======== Raw data ========

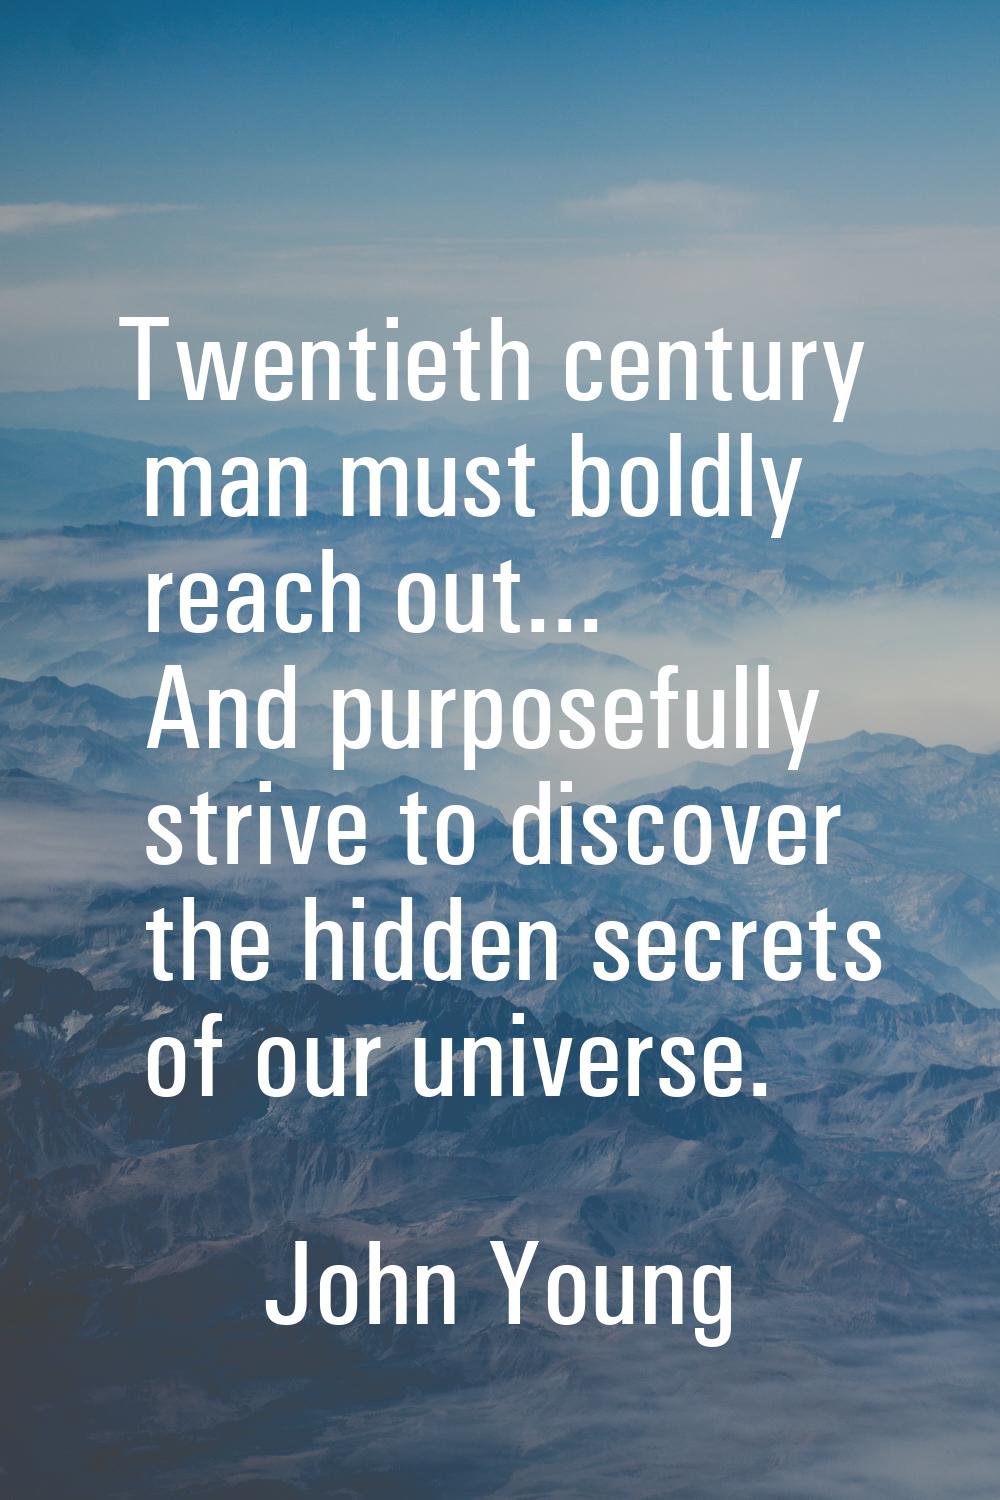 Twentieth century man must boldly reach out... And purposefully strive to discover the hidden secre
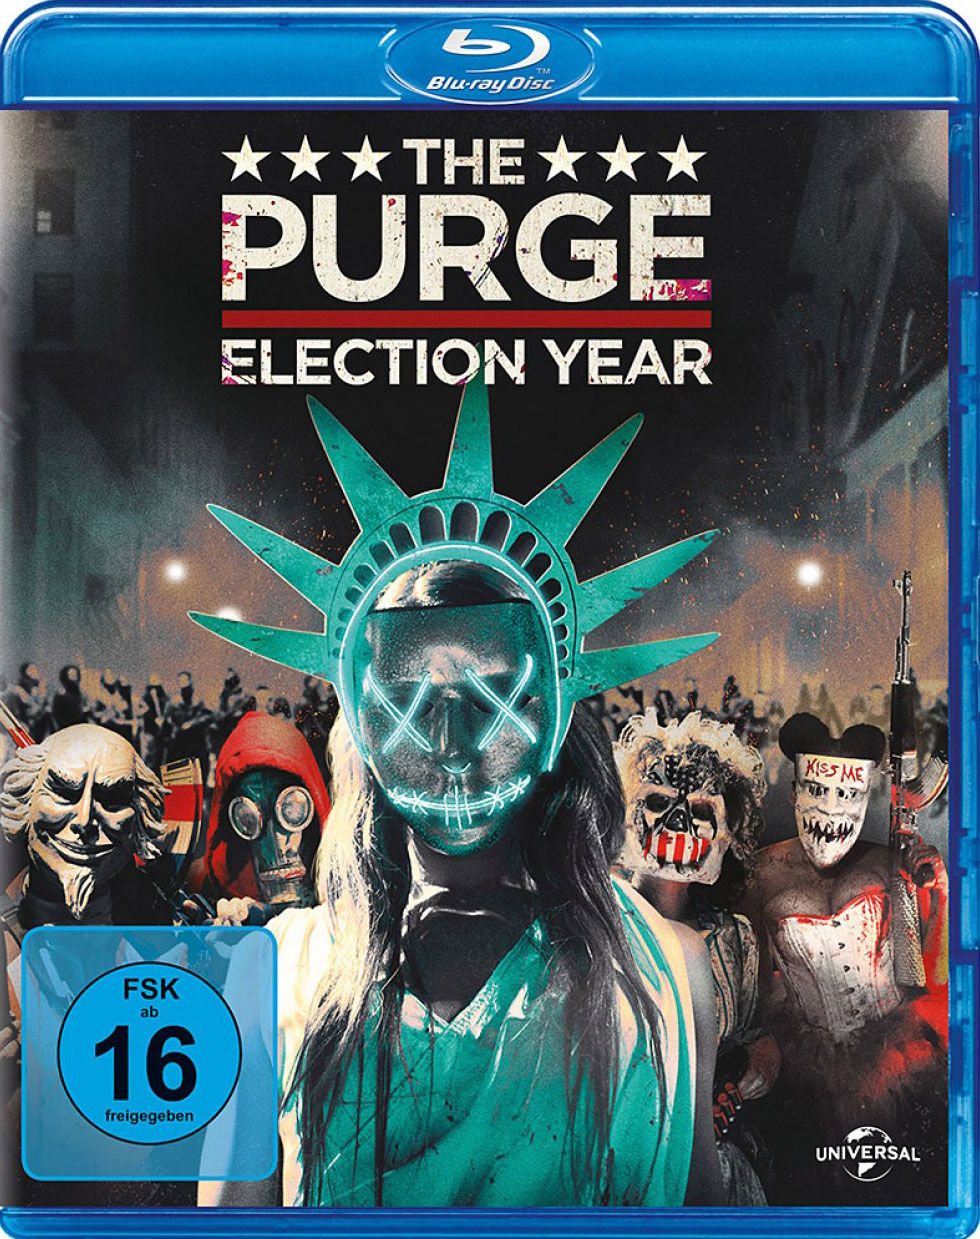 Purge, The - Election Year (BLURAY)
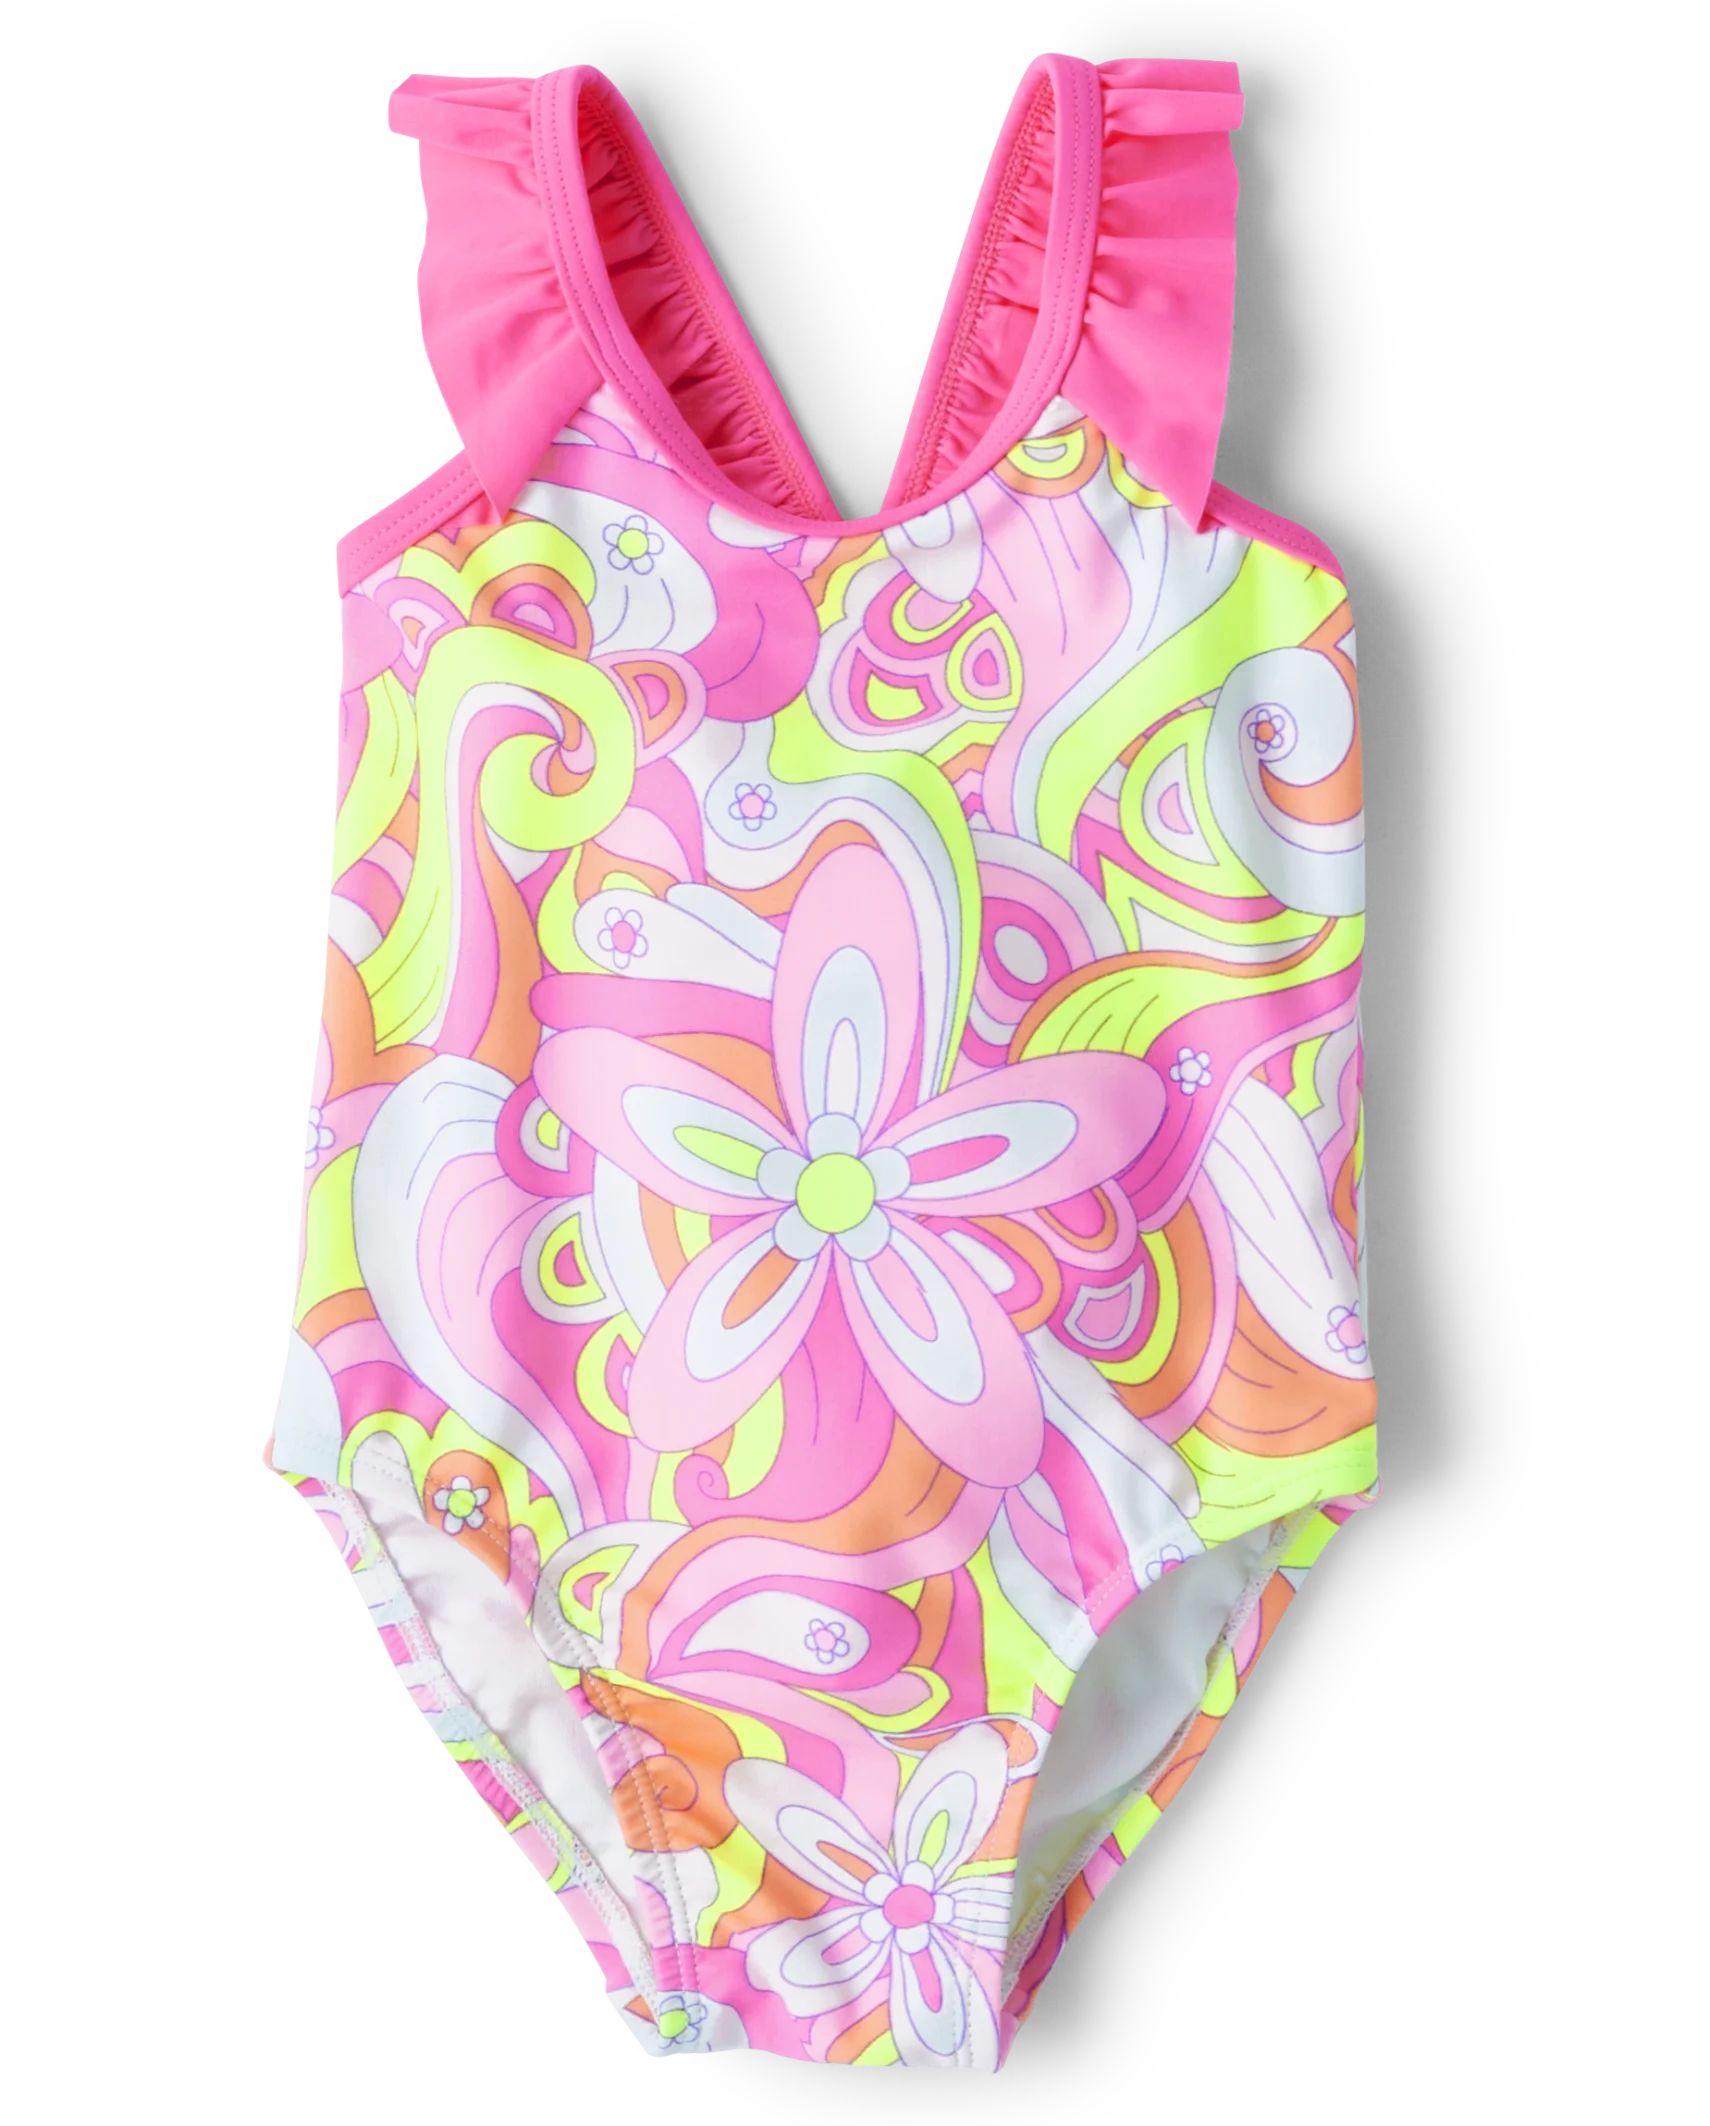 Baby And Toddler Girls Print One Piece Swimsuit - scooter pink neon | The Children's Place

========

◆ **Your goal**:
Your copy of the data should match it exactly, apart from the images, which are omitted.

◆ **Answer box**:
 Twentieth century man must boldly reach out... And purposefully strive to discover the hidden secre
 Purge, The - Election Year (BLURAY)
 Baby And Toddler Girls Print One Piece Swimsuit - scooter pink neon | The Children's Place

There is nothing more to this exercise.